And You Thought the CBC Had Problems
I sometimes talk about how Canada has problems making – or at least getting people to watch – home-grown TV, and what the CBC’s mission should be, and whether certain types of co-productions are really Canadian shows. But it’s easy to sound too pessimistic; the problems are real, but most Canadian networks have been able (sometimes almost by accident) to make shows that Canadians want to see. The CBC has some productions that have been successful; CTV has done some popular shows; the CW just arranged to pick up another Canadian show (albeit one set in the U.S., but that’s not the key to Canadian-ness, any more than an American movie isn’t American if it’s set in another country). The kid-com Mr. Young is doing well both here and on the Disney XD channel in the States. Even Global, which tends to have the least original scripted programming, unveiled the mini-series Bomb Girls this week. The issues with how Canadian networks make and schedule their programs are real enough, as are the issues with providing incentives for Canadian talent to stay in the country, but there has been some improvement.
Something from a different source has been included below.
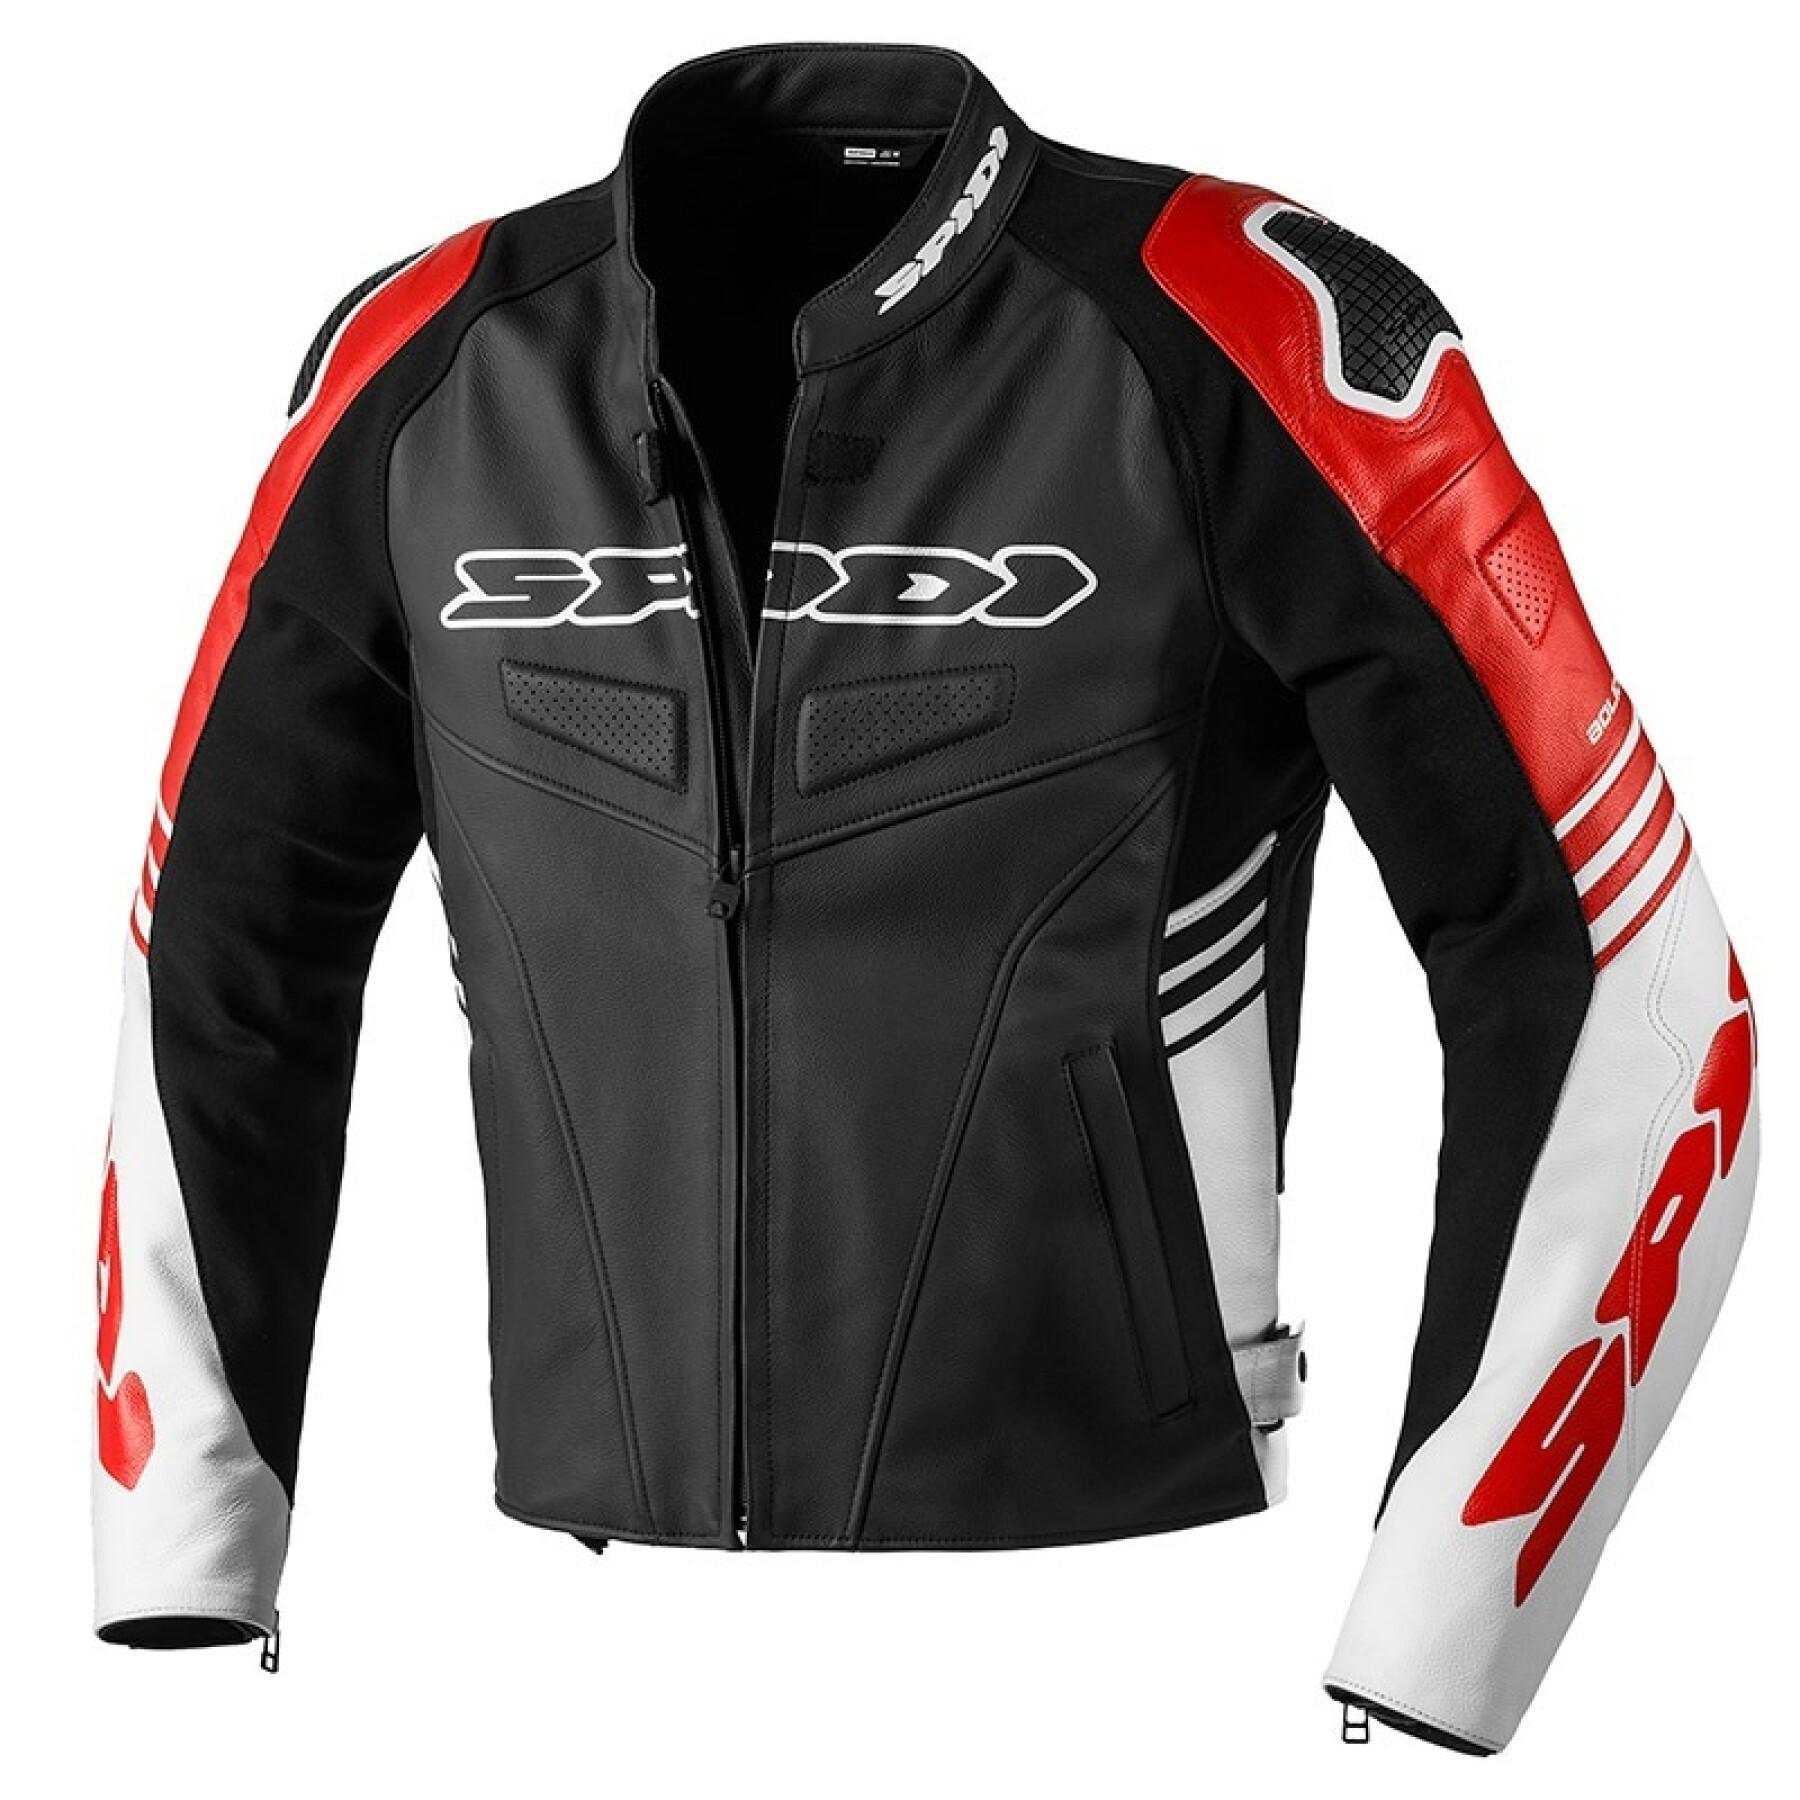 Leather motorcycle jacket Spidi track Warrior

And if you want to see a network that is really almost completely dependent on foreign scripted programming, you may have to look South. This New York Times article on PBS is about how the network is cool again – something it’s heavily emphasizing at its current Critics’ panel. But the coolness depends mostly on UK shows: the network got more popular because it got the rights to broadcast ITV’s Downton Abbey and BBC’s Sherlock. These are terrific shows. (Sherlock‘s “A Scandal In Belgravia” established it again as one of the best detective shows on TV, a master of that combination of craziness and earnestness that the Americans haven’t quite gotten right lately.) And PBS does a valuable thing by bringing them to North American viewers for free. But the network is still no closer to producing its own shows that could change U.S. dramatic TV, the way Sesame Street changed kids’ TV and its documentaries changed unscripted TV. It’s possible that producing home-grown shows is impossible or impractical for PBS, but without them, it will never be AMC, let alone HBO.